Source material Start Marker

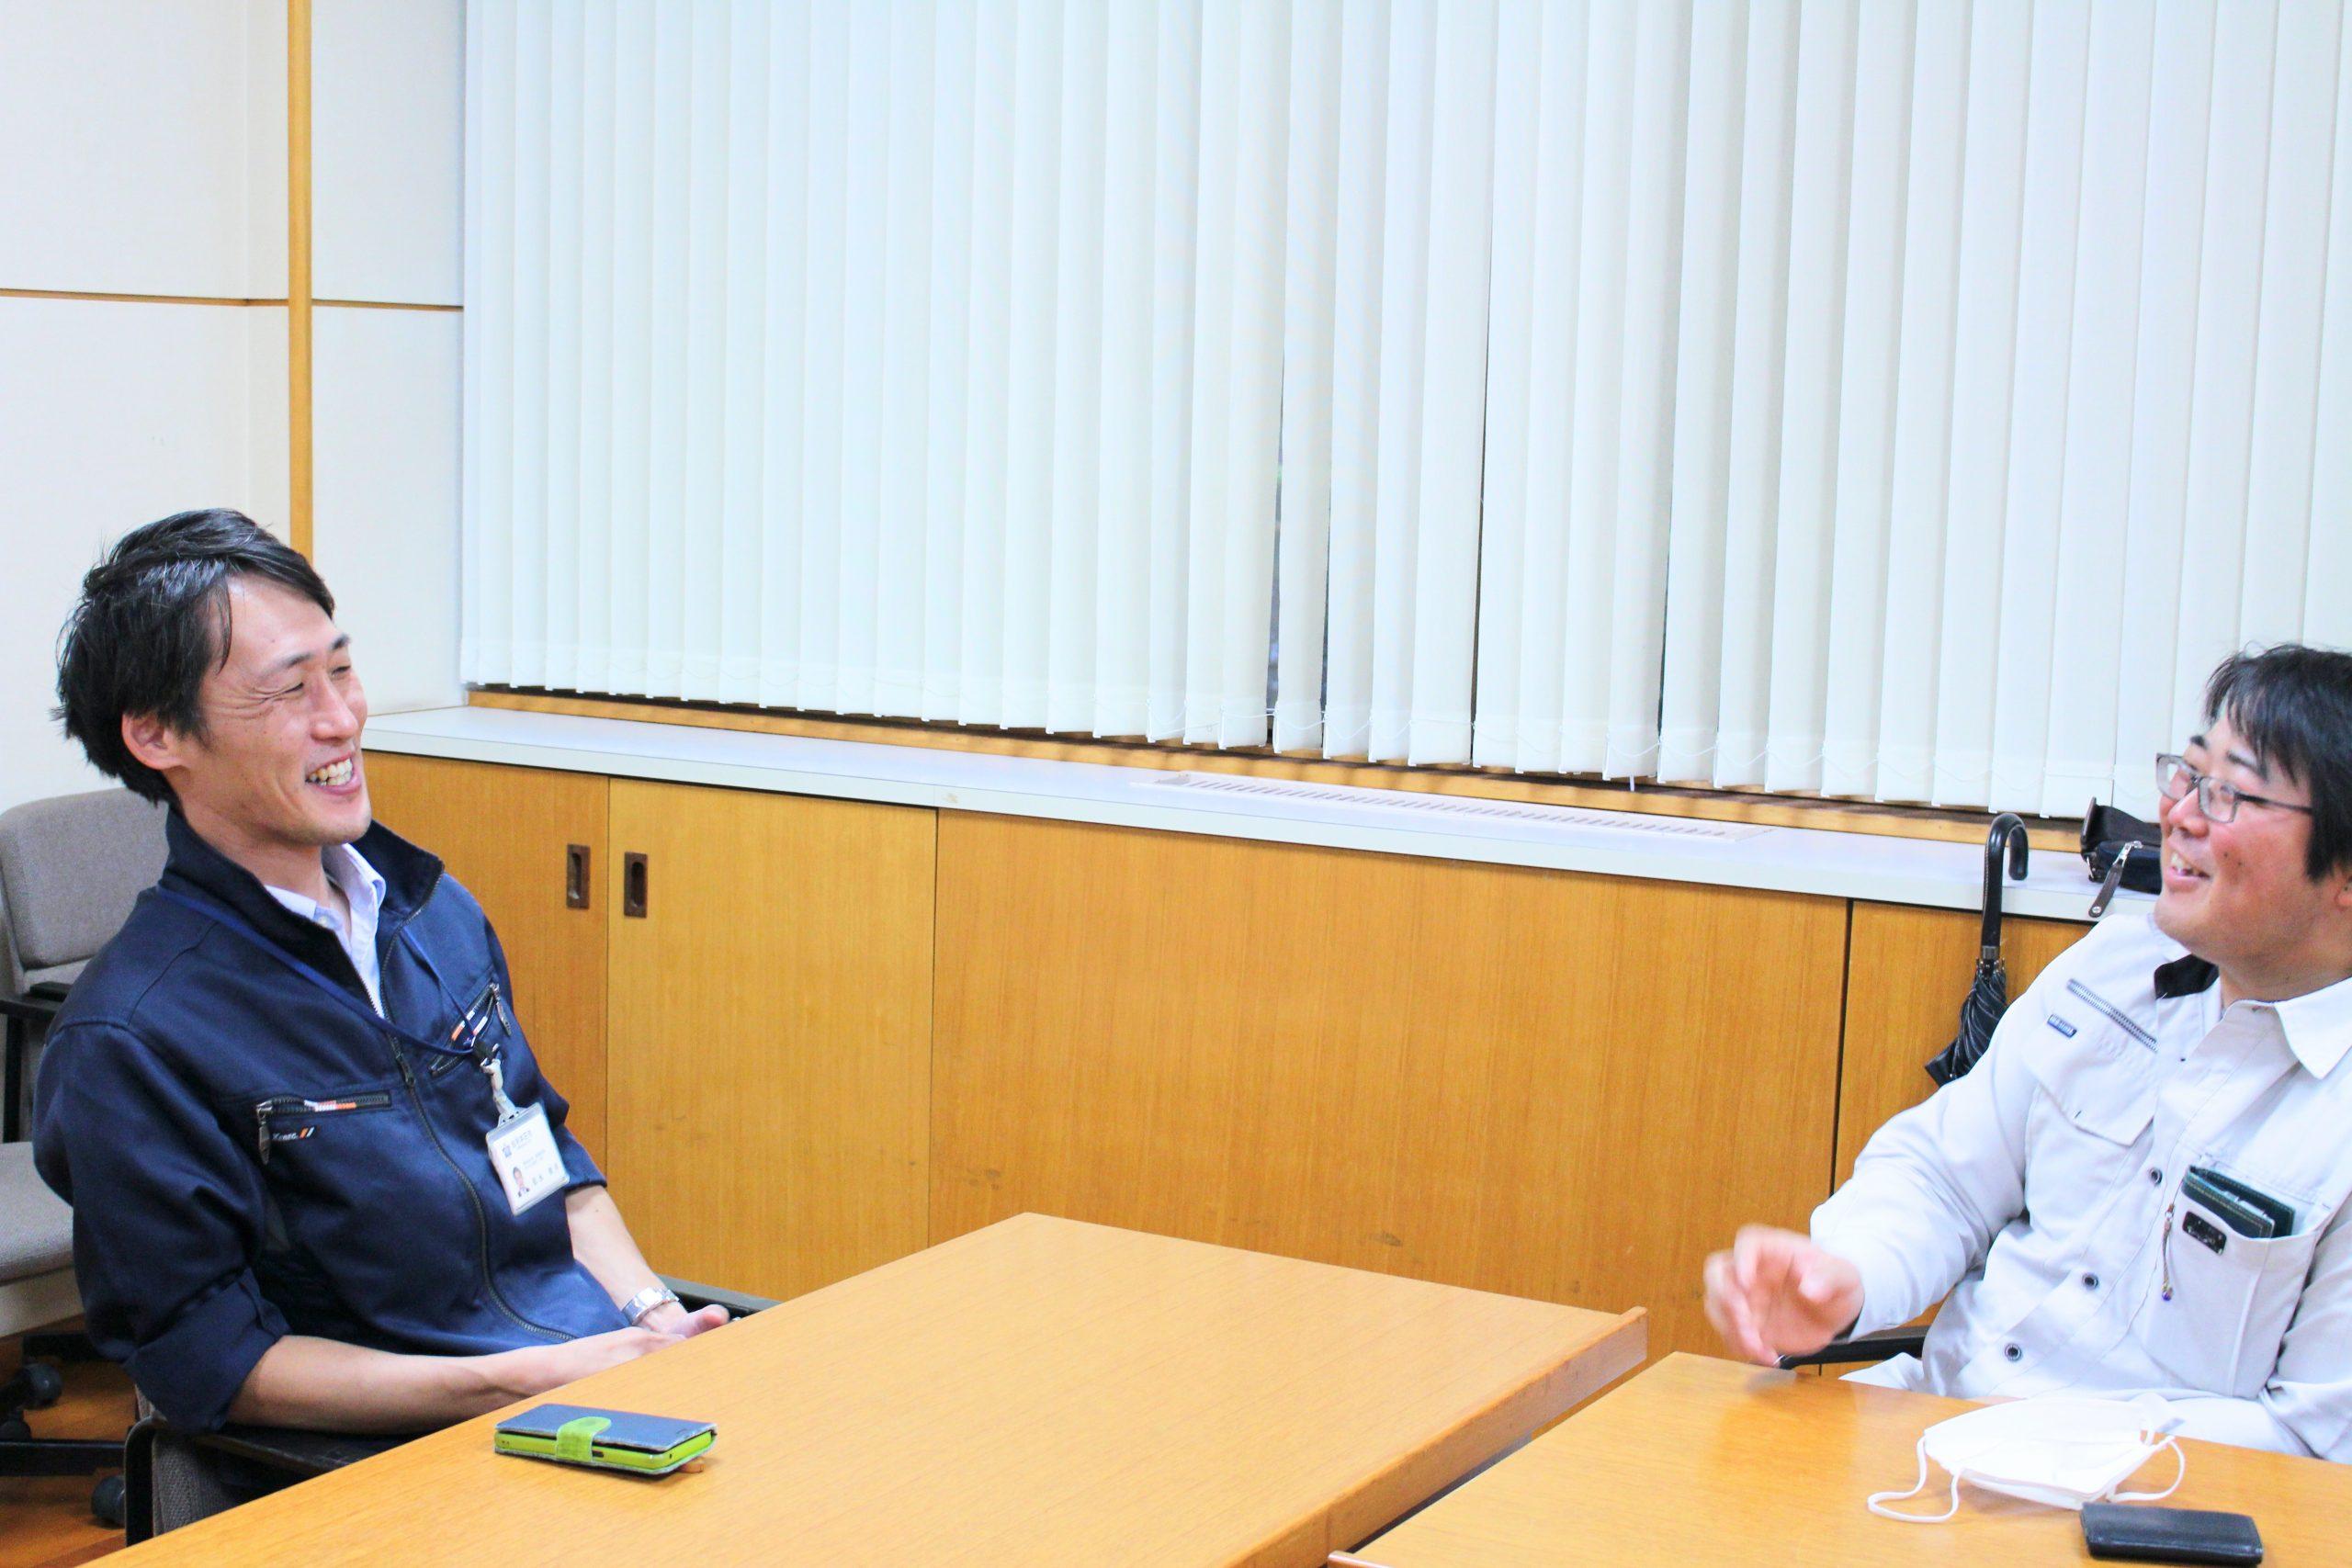 取材中、談笑する髙野さんと松永さん。その様子からも良好な関係が伺えます
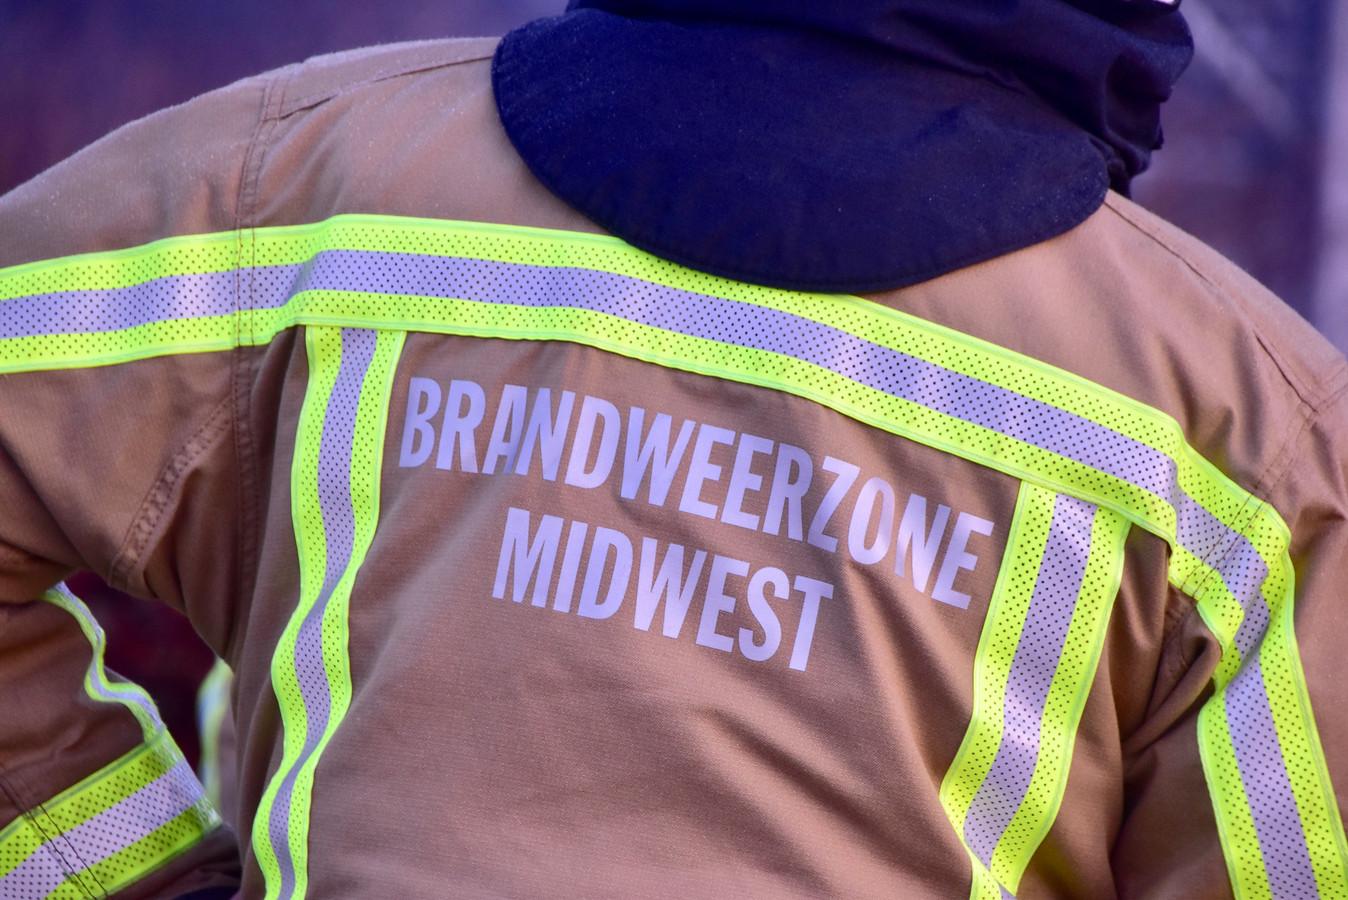 De brandweer van de zone Midwest stuurde een team naar Luik om er water te helpen wegpompen, na de zondvloed waarmee de ruime regio er geconfronteerd wordt.
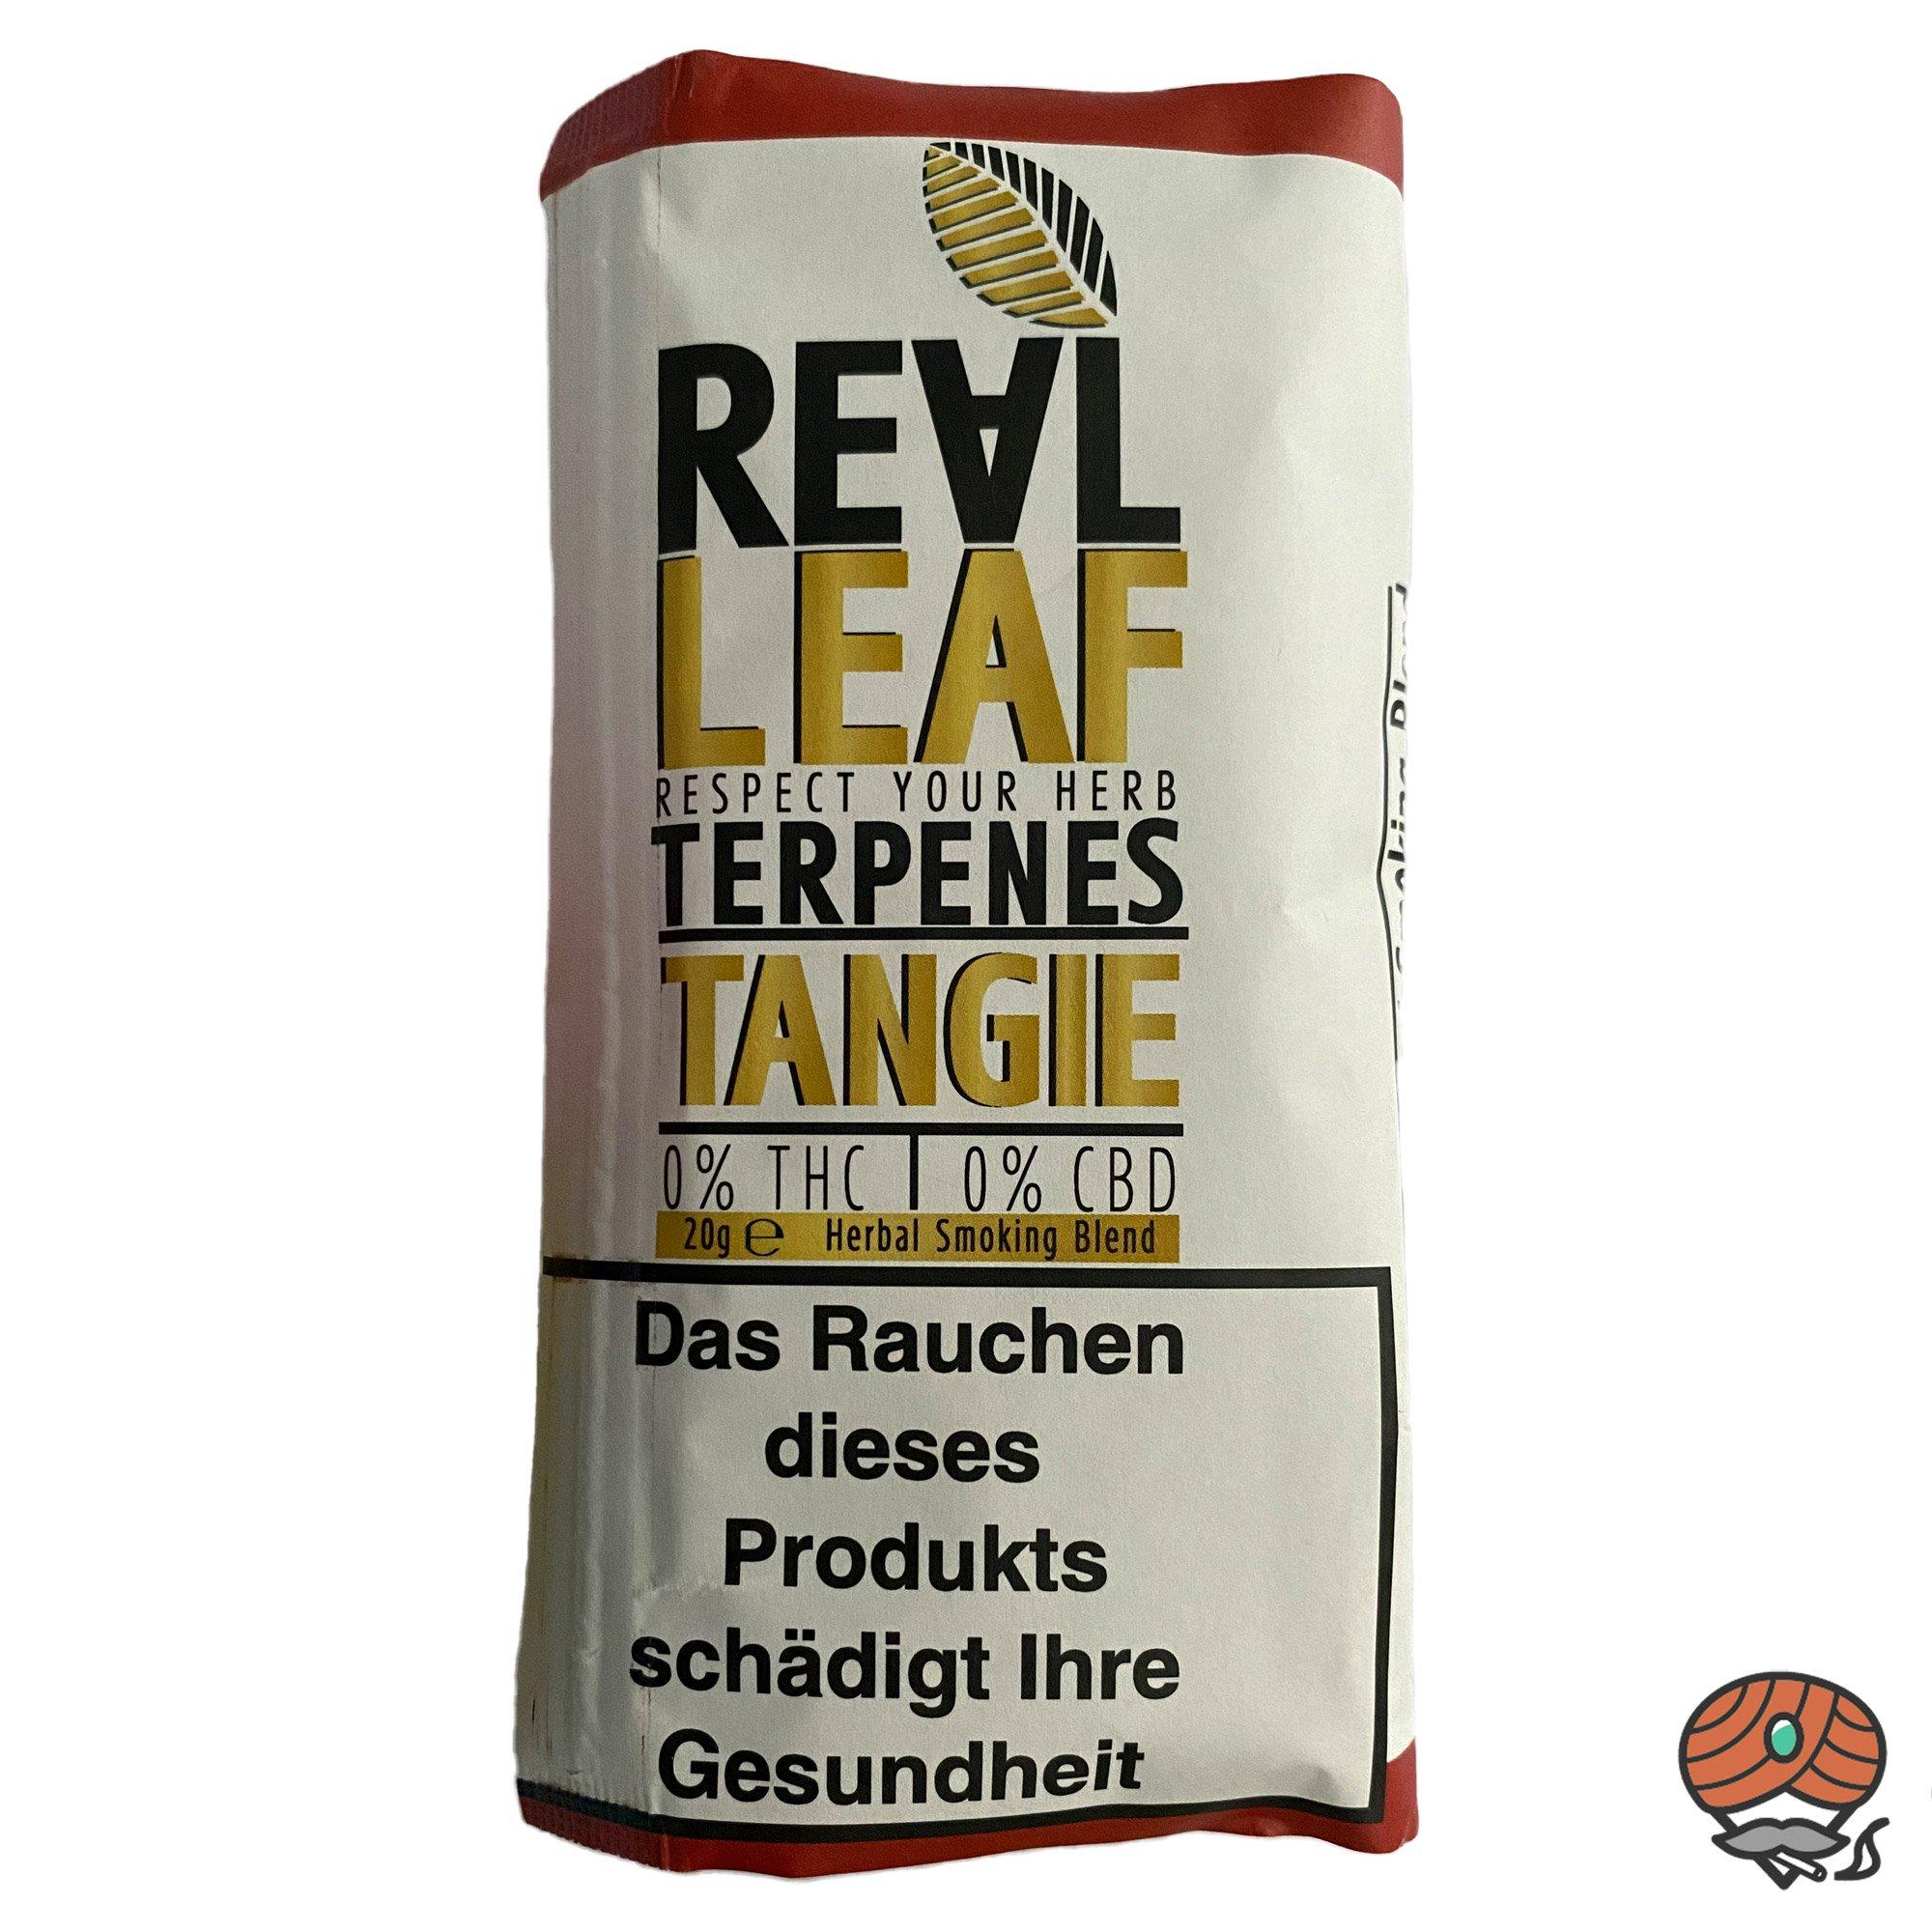 Real Leaf TANGIE, Tabakersatz, nikotinfrei, Kräutermischung 20g

Source material End Marker

- [Exercise requirements] For this copy, leave pictures out and reproduce the lines from the one bearing "De brandweer van" through the final line of the listing above, both ends included.

- [Written solution]
 De brandweer van de zone Midwest stuurde een team naar Luik om er water te helpen wegpompen, na de zondvloed waarmee de ruime regio er geconfronteerd wordt.
 Real Leaf TANGIE, Tabakersatz, nikotinfrei, Kräutermischung 20g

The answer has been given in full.